Thiess aporta a ACS exposición a uno de los mayores mercados mundiales de servicios para la minería, además de una actividad que ha evolucionado hacia modelos vinculados a la minería sostenible. La operación supone, por tanto, algo más que una adquisición financiera: permite a CIMIC recuperar el control completo de un negocio con presencia internacional y reforzar su posición en Australia.
El otro gran frente de inversión corporativa se encuentra en Estados Unidos y está relacionado con una de las apuestas que más está transformando la cartera de ACS: los centros de datos y las infraestructuras necesarias para sostener el desarrollo de la inteligencia artificial.
Durante 2026, ACS ha destinado más de 740 millones de euros a la compra de activos y terrenos destinados al desarrollo de infraestructuras de IA. Dentro de esta estrategia destaca la adquisición directa de un emplazamiento en Waterford, en Virginia, por unos 300 millones de euros.
El objetivo es desarrollar en ese terreno un giga-campus de centros de datos con capacidad de conexión de hasta 1,2 gigavatios. La operación muestra cómo la estrategia de crecimiento del grupo no se limita a comprar compañías ya operativas, sino que también contempla adquirir suelo y activos estratégicos para desarrollar directamente nuevas infraestructuras.

El negocio de centros de datos se ha convertido en uno de los principales focos de expansión de ACS, especialmente en Estados Unidos. El crecimiento de la inteligencia artificial y de la computación en la nube está impulsando la demanda de grandes instalaciones capaces de concentrar una enorme capacidad eléctrica y tecnológica.
Esta estrategia permite al grupo posicionarse en diferentes eslabones de la cadena: desde la construcción y operación de las instalaciones hasta la adquisición de los terrenos y el desarrollo de la infraestructura necesaria para ponerlas en funcionamiento.
Más músculo para ACS
La estrategia de crecimiento también tiene uno de sus principales brazos en Abertis. ACS, junto a su socio Mundys, ha realizado inyecciones de capital para financiar nuevas oportunidades en el negocio concesional.
Entre 2025 y 2026, ACS ha aportado alrededor de 200 millones de euros a Abertis para apoyar la adquisición de nuevos activos de autopistas de peaje. A estas inversiones se suman otros 345 millones de euros destinados a activos de infraestructuras greenfield, es decir, proyectos desarrollados desde sus primeras fases.

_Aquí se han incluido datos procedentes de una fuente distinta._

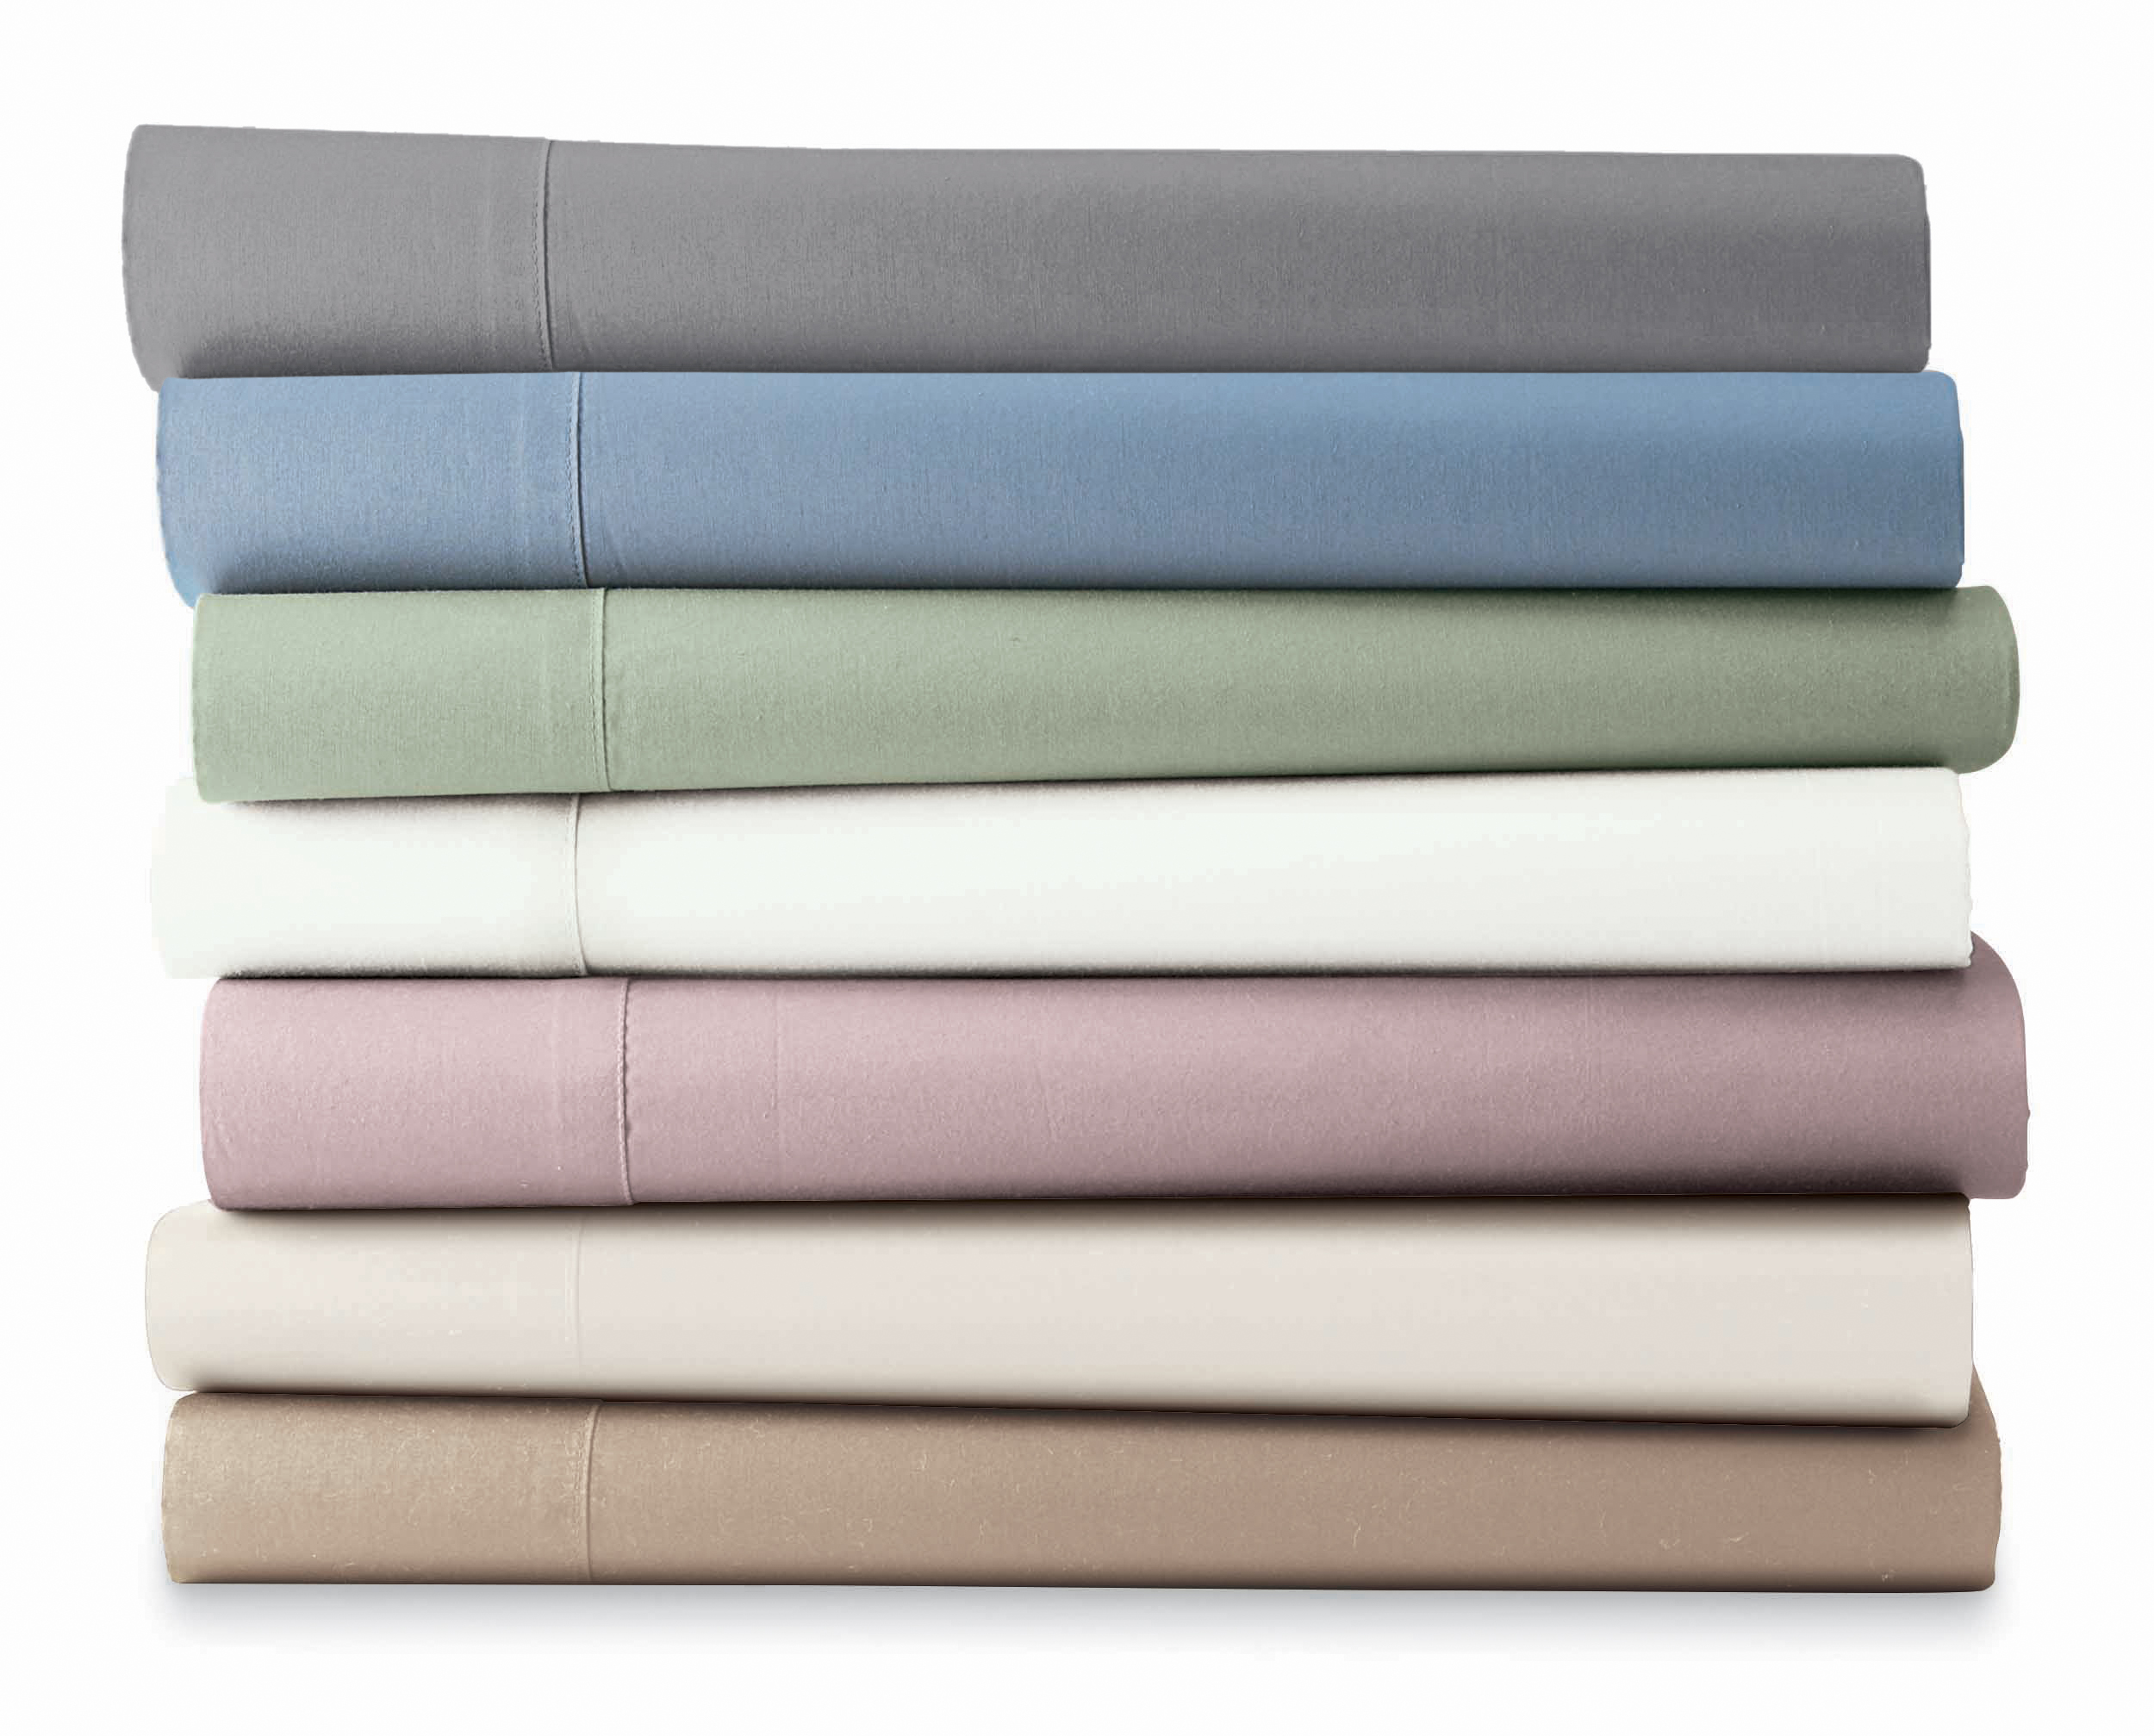 Cannon 300 Thread Count Sheet Sets additional pillowcases sold ...

Aunque estas operaciones no responden estrictamente al patrón de una adquisición corporativa como Autmatec o Thiess, sí forman parte de la misma estrategia de ampliación del perímetro de negocio.

El objetivo es aumentar la exposición del grupo a activos de infraestructuras con una vida concesional prolongada y generar nuevas oportunidades de crecimiento en mercados internacionales.
Abertis constituye uno de los principales pilares del negocio concesional de ACS y una de las vías utilizadas por el grupo para canalizar capital hacia nuevas infraestructuras. La inversión en concesiones permite además combinar el crecimiento mediante adquisiciones con el desarrollo de nuevos proyectos.
La compra de Autmatec lleva al grupo hacia las redes eléctricas y la transición energética en Europa; la recuperación del 100% de Thiess refuerza su posición en la minería australiana; la adquisición de terrenos en Virginia abre una vía de crecimiento en las infraestructuras asociadas a la inteligencia artificial; y las inversiones en Abertis apuntalan el negocio concesional.
Con Autmatec como última adquisición corporativa, Thiess de nuevo bajo control total, cientos de millones destinados a activos de centros de datos en Estados Unidos y nuevas inversiones a través de Abertis, ACS mantiene abierta una estrategia de crecimiento basada en colocar capital allí donde identifica nuevas necesidades de infraestructura.
El resultado es un grupo con una cartera cada vez más internacional y expuesta a algunas de las grandes tendencias que están condicionando las infraestructuras globales: electrificación, transición energética, minería, inteligencia artificial y movilidad. Una expansión que se está produciendo, en buena medida, a golpe de talonario.